Attend all lectures and take good notes. This is the most efficient way to learn the course materials, because we will both distill and elaborate textbook materials and discuss other important materials. We will start promptly on time, with quick reviews every time, followed by exercises or quizzes. We will have every student participate in solving problems and presenting solutions in class.

Do all course work. The readings are to help you preview and review the materials discussed in the lectures.
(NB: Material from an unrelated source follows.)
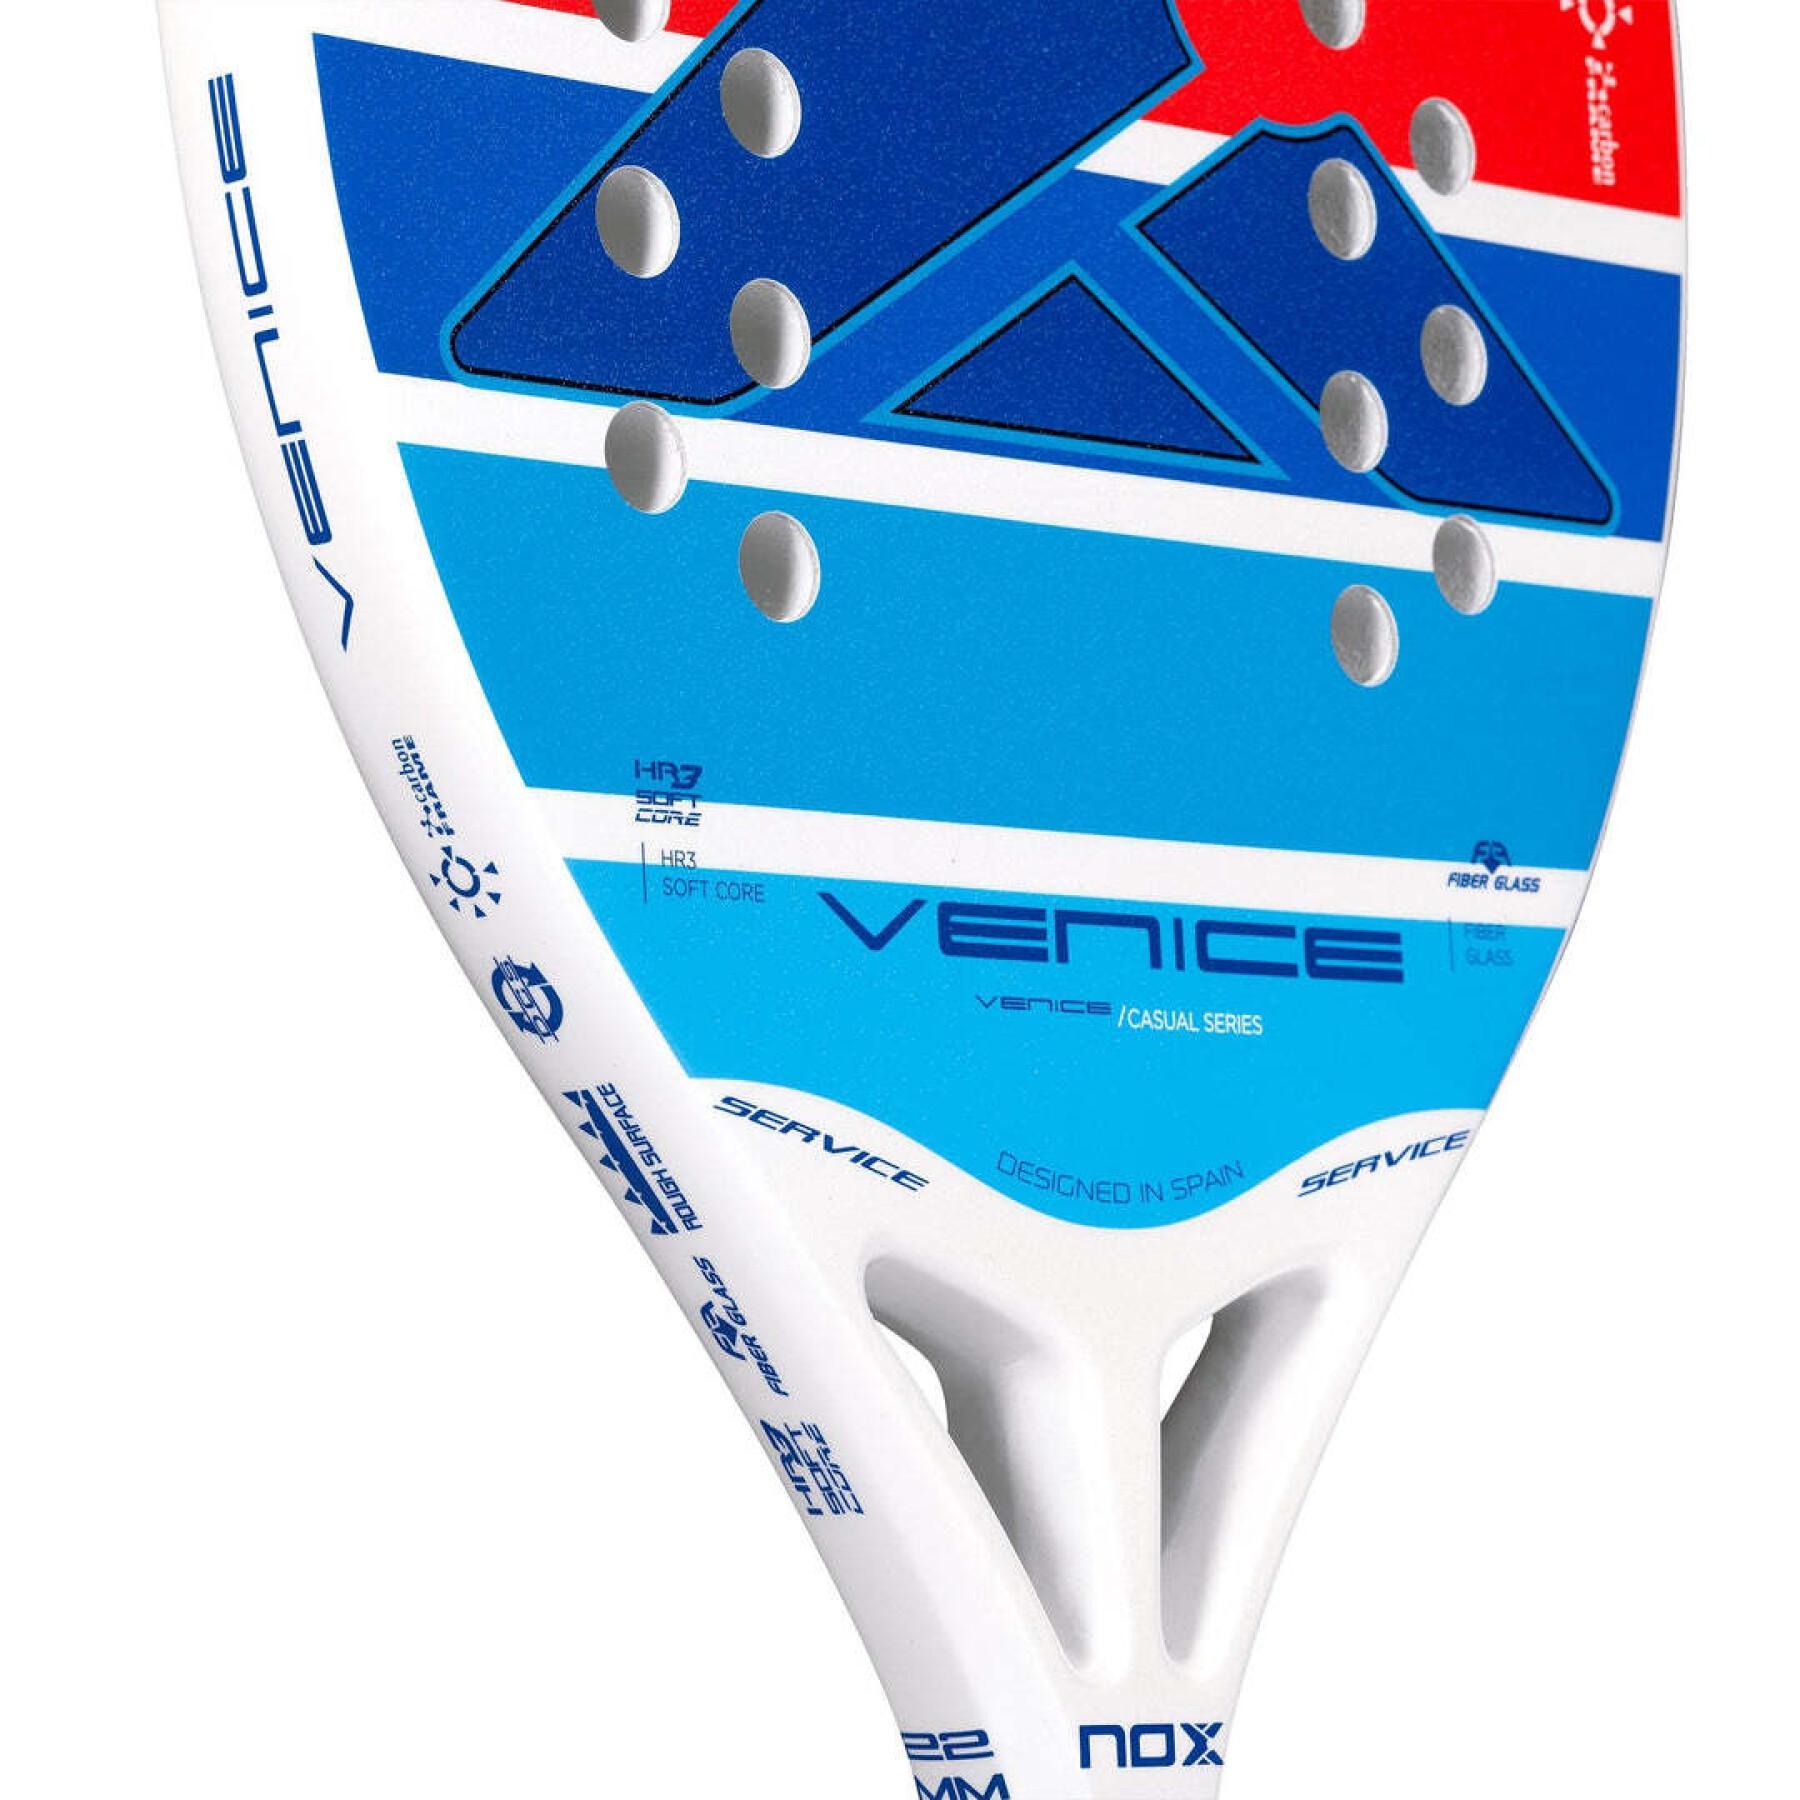 Racket from padel Nox Casual Venice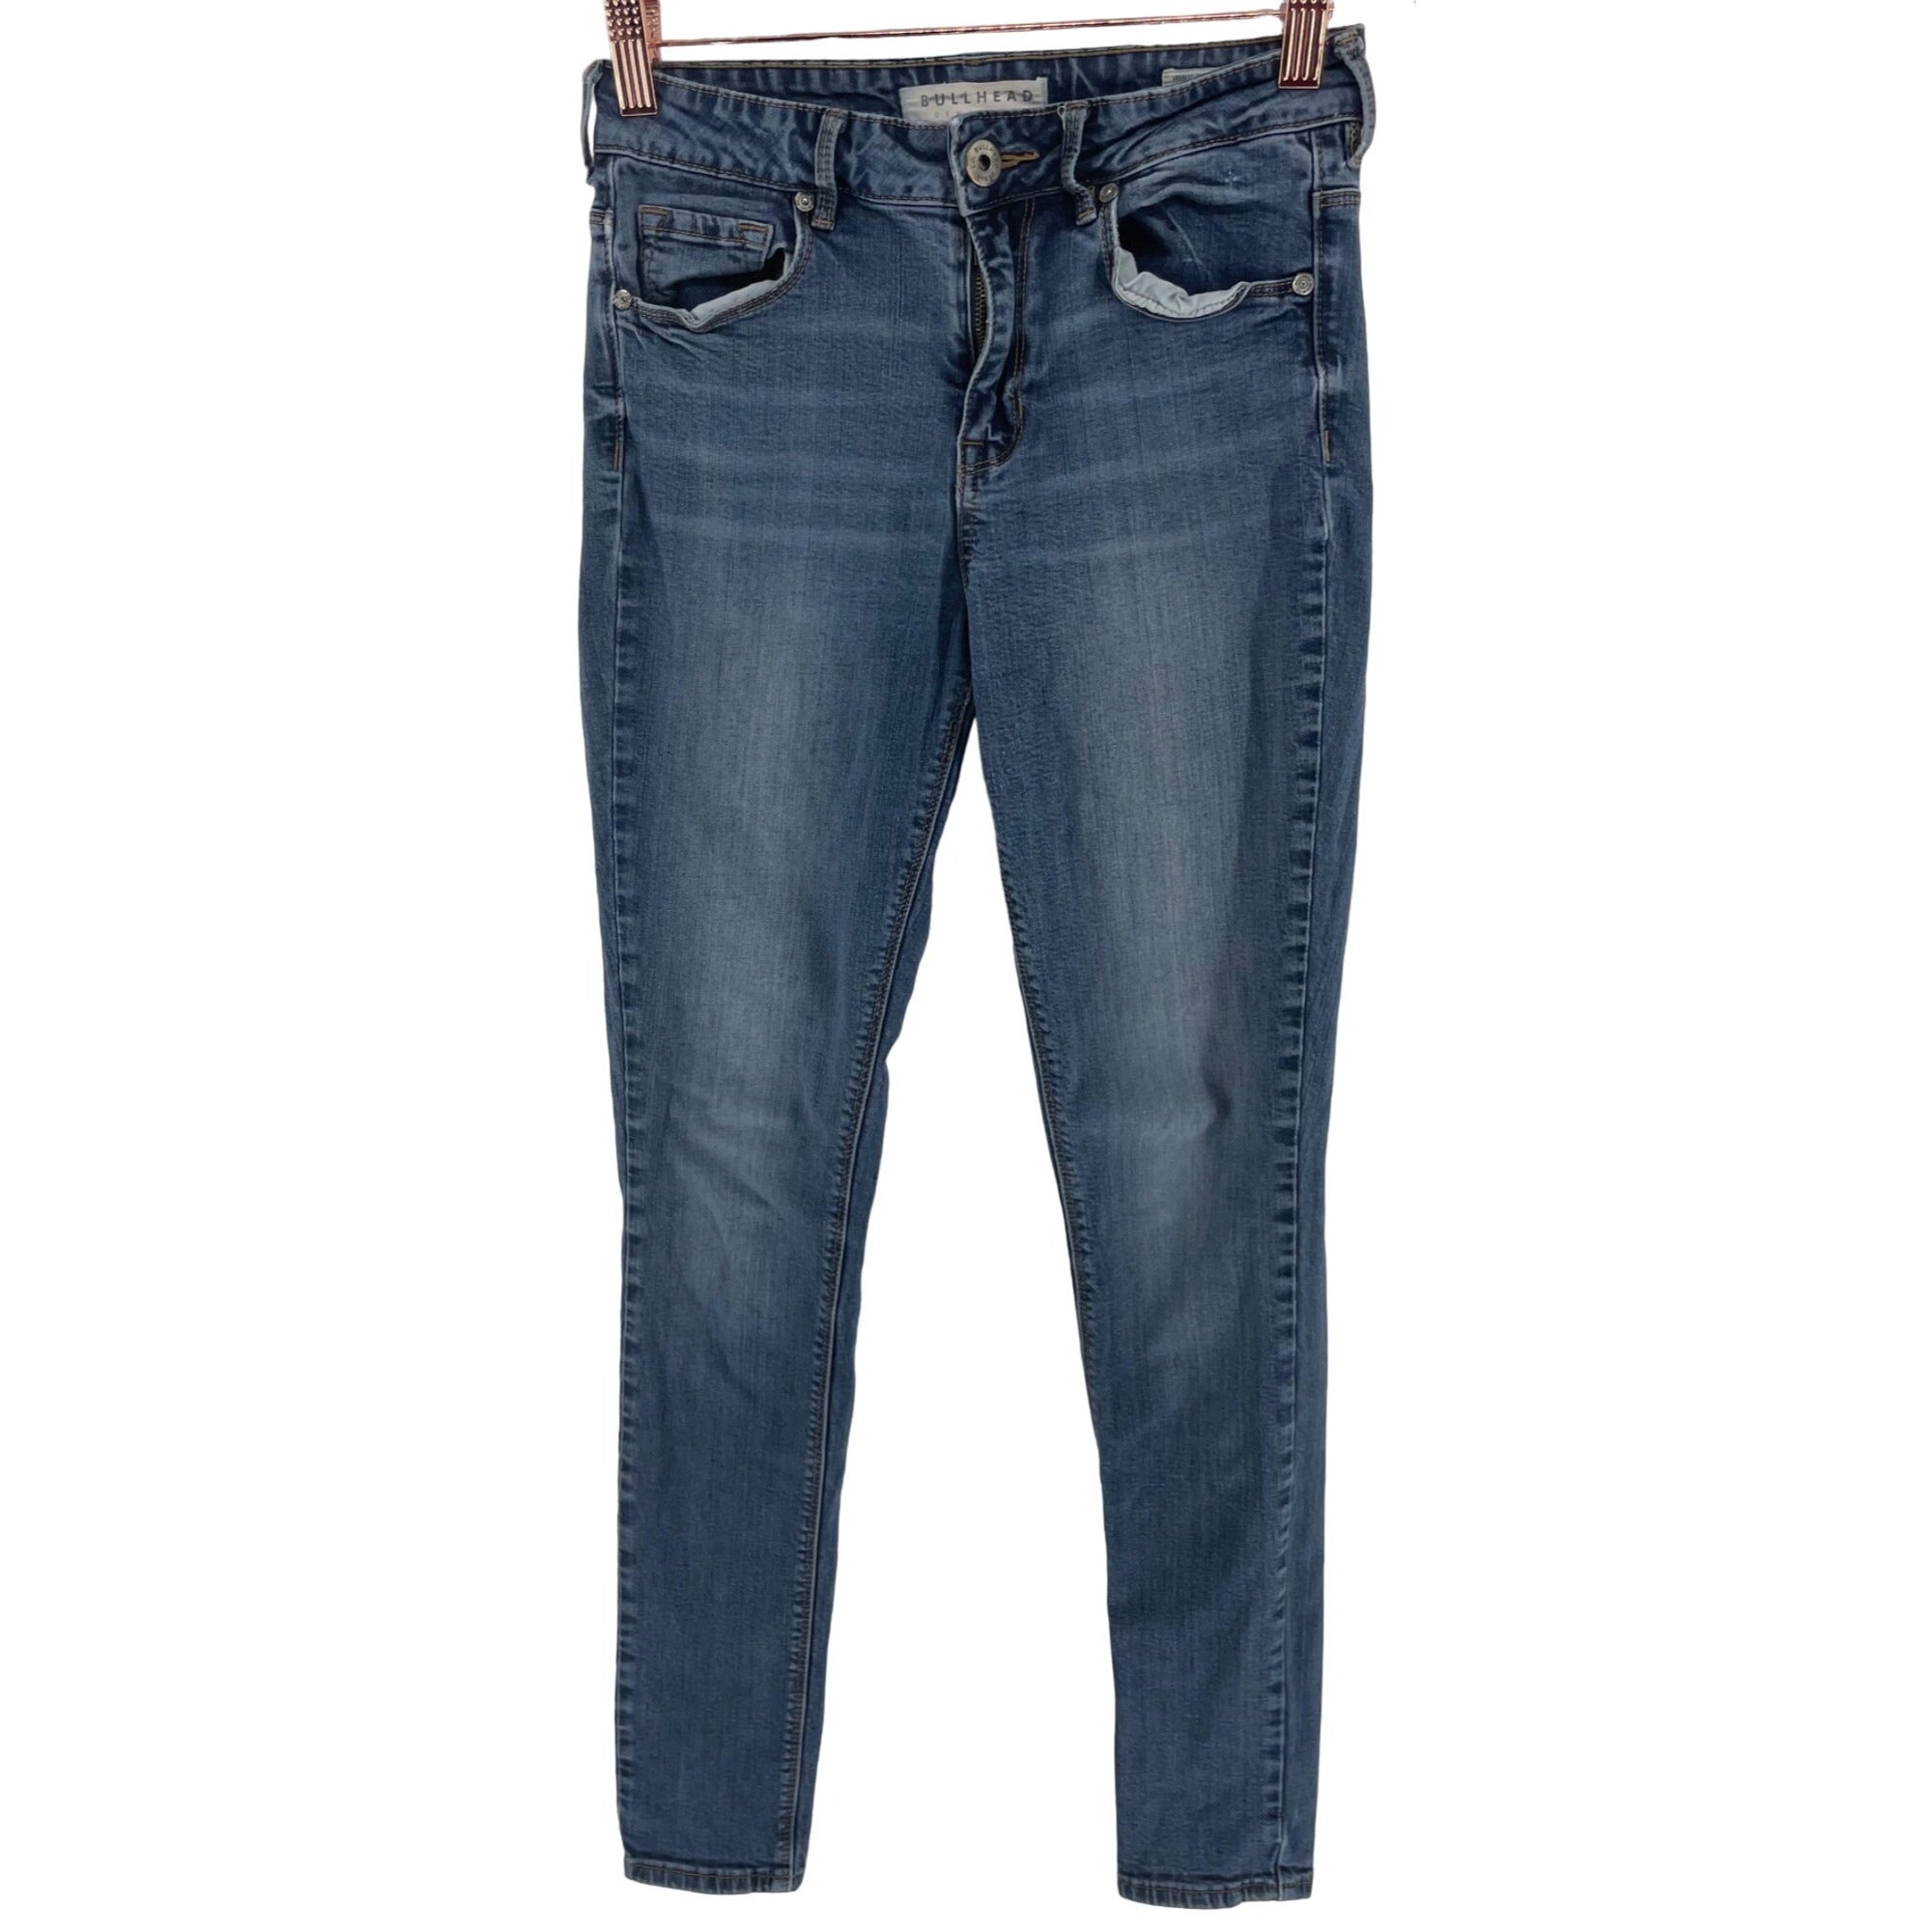 Bullhead Denim Co. Women's Size 5 High Rise Skinniest Denim Blue Jean Pants

The assignments are to provide concrete experiences with the basic concepts and methods covered in the lectures. The exercises and quizzes are to help check that you are keeping up with the lectures and the assignments. The exams will be comprehensive.

Your handins, whether in electronic form or on paper, should include the following information at the top: your name, student id, course number, assignment number, and due date, and should be submitted in a neat and organized fashion.

Your programming assignments should always be submitted with a README.txt file explaining where things are, what you did and found for the assignment (that is not described in the assignment handout), and how to run and test your code. This file is worth a non-trivial portion of the grade.

Your approach to solving problems is as important as your final solutions; you need to show how you arrived at your solutions and include appropriate explanations. Always include good explanations in your README file and good comments in your code.

If you feel your grade was assigned incorrectly, please bring it up no later than two weeks after the assignment was returned to the class.

Ask questions and get help. Ask questions in class, in office hours, and in the Q&A forum. Talk with your classmates, and share ideas (but nothing written or electronic).

Academic Integrity: All assignments, quizzes, and exams must be done individually, unless specified otherwise; you may discuss ideas with others and look up references, but you must write up your solutions independently and credit all sources that you used. Any plagiarism or other forms of cheating discovered will have a permanent consequence in your university record.

Each student must pursue his or her academic goals honestly and be personally accountable for all submitted work. Representing another person's work as your own is always wrong. Faculty are required to report any suspected instances of academic dishonesty to the Academic Judiciary. For more comprehensive information on academic integrity, including categories of academic dishonesty, please refer to the academic judiciary website at http://www.stonybrook.edu/uaa/academicjudiciary/

Americans with Disabilities Act: If you have a physical, psychological, medical or learning disability that may impact your course work, please contact Disability Support Services, ECC(Educational Communications Center) Building, Room 128, (631)632-6748. They will determine with you what accommodations, if any, are necessary and appropriate. All information and documentation is confidential.

Critical Incident Management: Stony Brook University expects students to respect the rights, privileges, and property of other people. Faculty are required to report to the Office of University Community Standards any disruptive behavior that interrupts their ability to teach, compromises the safety of the learning environment, or inhibits students' ability to learn. Further information about most academic matters can be found in the Undergraduate Bulletin, the Undergraduate Class Schedule, and the Faculty-Employee Handbook.